Mis à jour : août 2026
En bref : depuis Pré-comptabilité → votre structure → Dépenses, une charge récurrente se décrit par un type, une description, une fréquence en mois, un montant et une part récupérable, une portée (société, immeuble ou bien) et une période de validité. Elle alimente ensuite votre trésorerie prévisionnelle et la base de votre régularisation de charges.
Ce qu'est une charge récurrente
Une charge récurrente est une dépense dont vous connaissez à l'avance trois choses : sa nature, son montant approximatif et sa date de retour. C'est le cas de la quasi-totalité des charges de structure d'un patrimoine locatif. À l'inverse, une réparation imprévue ou des travaux ponctuels se saisissent au coup par coup, comme décrit dans comment saisir une dépense et joindre un justificatif.
L'intérêt de les décrire une seule fois est double. D'abord, vous ne les oubliez plus : une charge annuelle payée en octobre a toutes les chances d'être omise si vous ne la saisissez qu'à la clôture, en février de l'année suivante. Ensuite, vous obtenez un budget : la somme de vos charges récurrentes constitue le socle prévisible de vos décaissements, celui à partir duquel se calcule un cash-flow réaliste et se calibrent les provisions demandées aux locataires.
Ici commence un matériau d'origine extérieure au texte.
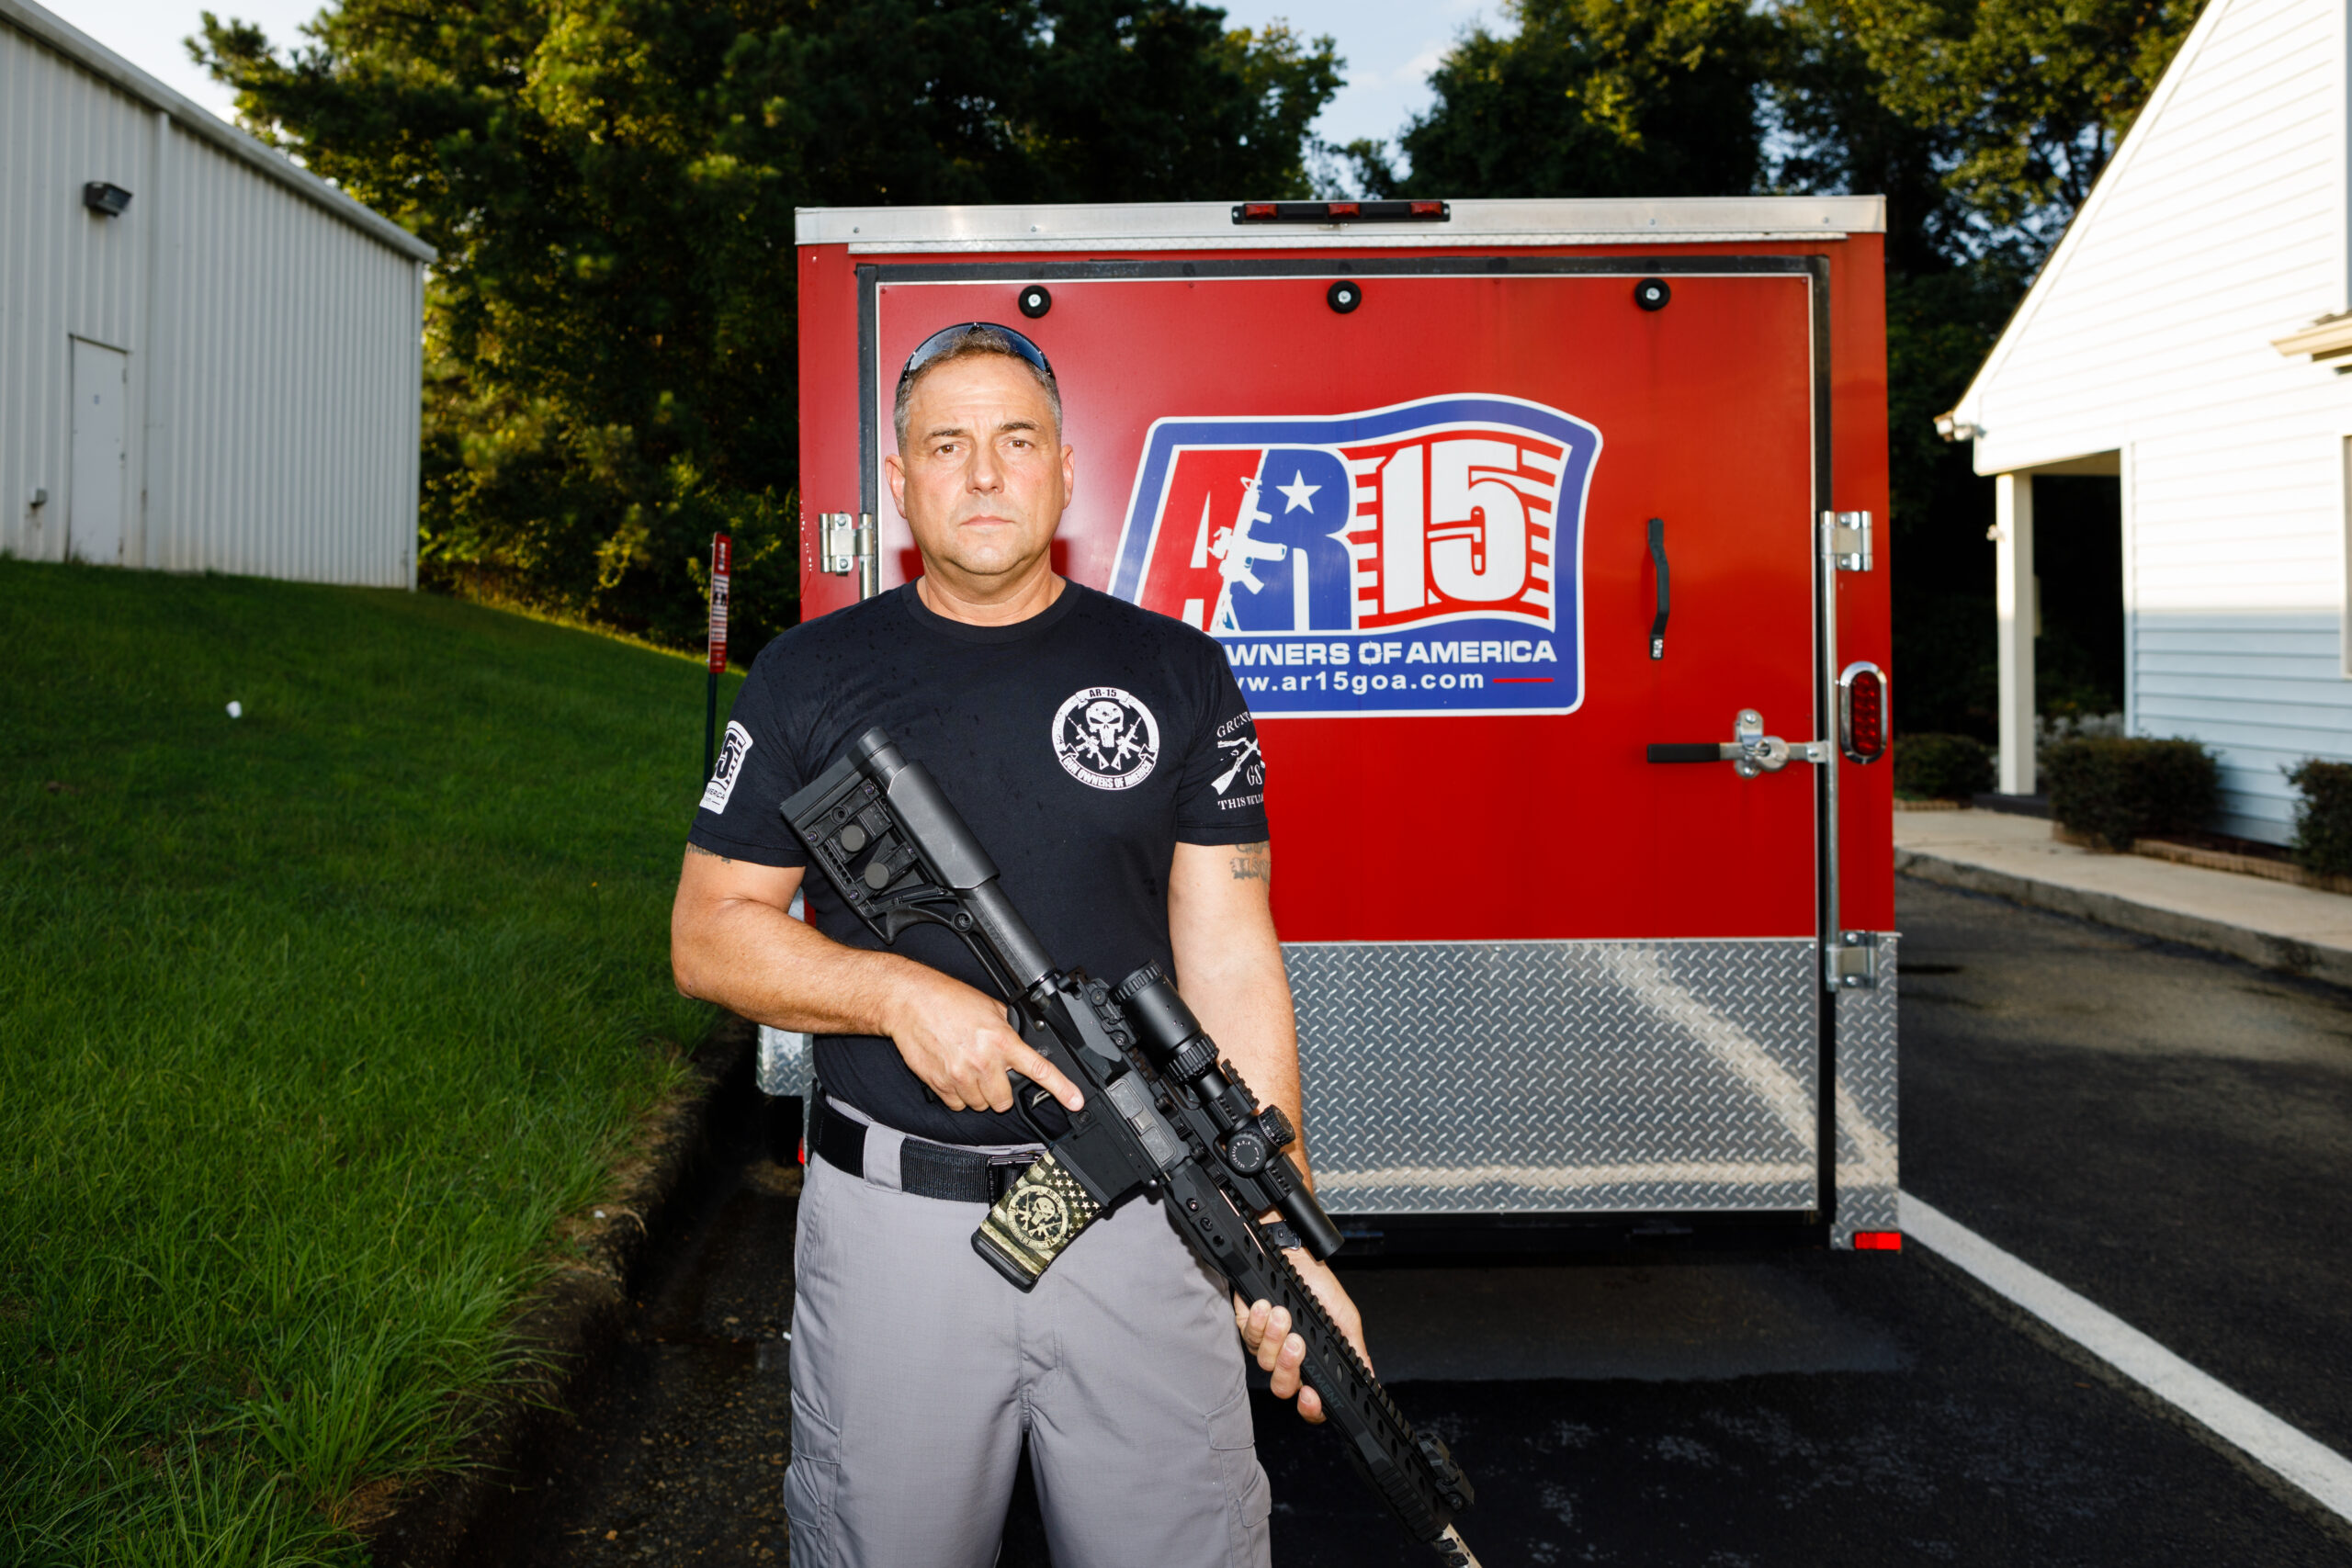 Portrait of Chris Waltz with his rifle in front of his trailer in the parking lot of his business AR-15 Gun Owners of America.

Les paramètres d'une charge récurrente
Le type
Il donne sa nature comptable à la dépense : charges de copropriété, impôts et taxes, assurance, contrat d'entretien, honoraires, abonnement. Le type conditionne le regroupement dans l'Analyse financière et dans l'export. Utilisez toujours le même type pour une même nature de charge, d'une année sur l'autre : c'est ce qui rend les comparaisons lisibles.
La description
Elle sert à retrouver la ligne dans une liste qui finira par en compter plusieurs dizaines. Soyez explicite : « Appel de fonds syndic — 12 rue Lamartine » vaut mieux que « Copropriété ». Mentionnez l'adresse ou le lot quand vous gérez plusieurs immeubles.
La fréquence, exprimée en mois
C'est l'intervalle qui sépare deux échéances : 1 pour une charge mensuelle, 3 pour un appel de fonds trimestriel, 6 pour un contrat semestriel, 12 pour une charge annuelle. Exprimer la fréquence en mois plutôt qu'en « trimestriel » ou « annuel » évite toute ambiguïté et permet des rythmes moins courants (tous les deux mois, tous les quatre mois).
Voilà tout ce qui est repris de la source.